Ciumeşti lies in the county's western region, 50 km from Satu Mare and 13 km from Carei. Its territory extends up to the Hungarian border. It only became an independent municipality in 2004, after 3 villages (Ciumeşti, Berea and Viişoara) were detached from Sanislău. The 2002 census registered 1444 inhabitants for these 3 villages, 1238 of them living in Ciumeşti, 197 in Berea and 9 in Viişoara.

Ciumeşti lies in the contact zone of fertile plains and the sand dunes of Carei Plain on the precincts of a human settlement that dates back to the Bronze Age. However, more important findings of the place are Celtic necropolises from the Iron Age. In the 1960's a very rare iron helmet was discovered in a princely grave, decorated with a bird of prey. Its original is in Bucharest, but the Satu Mare County Museum also has one of its copies exhibited. Archeological researches discovered several Celtic graves, as well as traces of a settlement.

Ciumeşti was first mentioned in 1306 in a written document. It was part of the Kaplony clan's property, becoming later that of its descendents, the Csomaközy family. Besides the Csomaközys, the Károlyi, Vetési and Bagosi families also owned parts of the village. In 1768, after the exctinction of the Csomaközy family, their share became the property of the Mészáros family, who encouraged the settling of Krauts. At the beginning of the XXth century, the most important owners were the Degenfeld counts. Ciumeşti also suffered great losses in 1945 due to the deportation of its German inhabitants. Almost 150 Krauts were taken to work camps in the USSR.

The village's economy is dominated by agriculture. Its efficiency is supervised by „Schamagosch" agricultural association that grows plants and breeds livestock as well. Wine growing is also important, the area's wines are becoming more and more famous.

The old Calvinist church (initially a Roman Catholic one) is the oldest building of the village. It was built in the XVth century's Gothic style, without a tower. The wooden belfry was added in the XIXth century. The church is out of use today and its dilapidation is obvious. The few Calvinists of the village use the neighbouring Berea's church.
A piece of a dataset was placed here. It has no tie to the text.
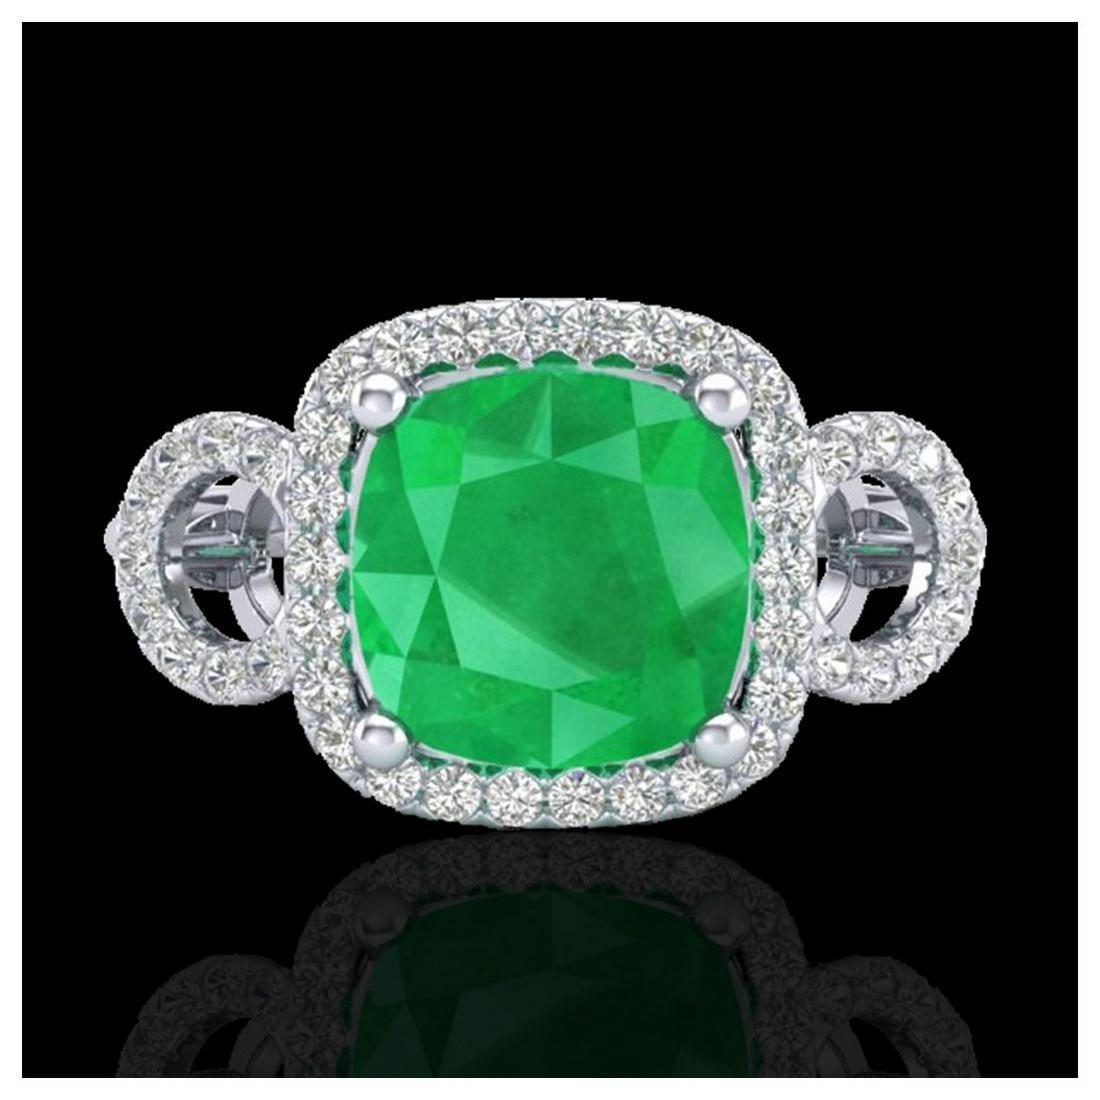 3.15 ctw Emerald & VS/SI Diamond Ring 18K White Gold -
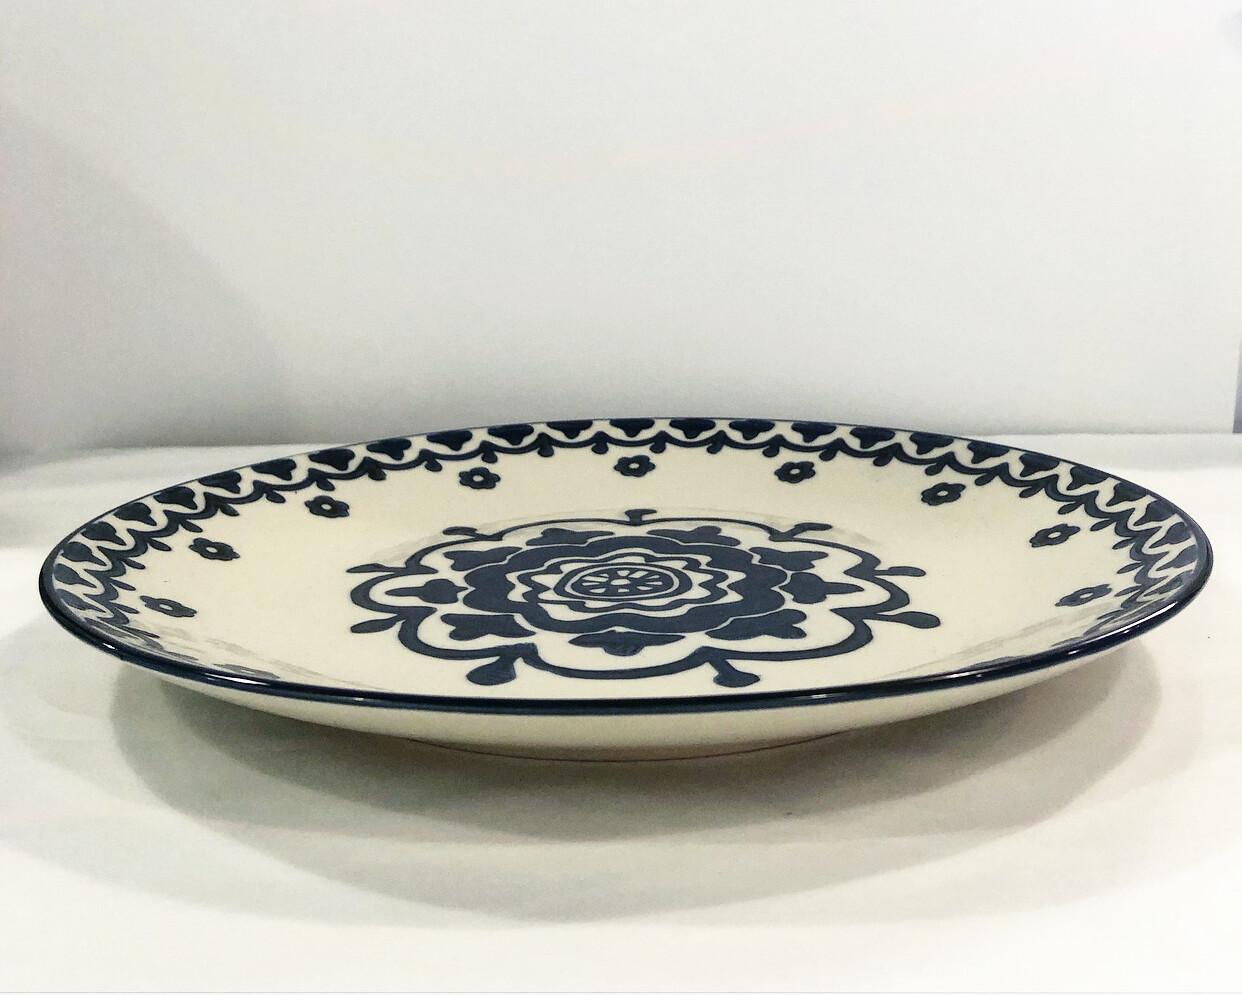 CC INTERIORS- Serving Platter-PORTO Collection28.5cm

The Orthodox church, dedicated to Saint Michael and Gabriel Archangels was built in 1794 and is a branch of Horea parish. The Roman Catholic church, dedicated to King Saint Steven was built between 1854-1856 and has the most worshippers in the village. There are two more Roman Catholic chapels in the two cemeteries, one is dedicated to the Blessed Virgin, the other one to Saint Ignatus of Loyola.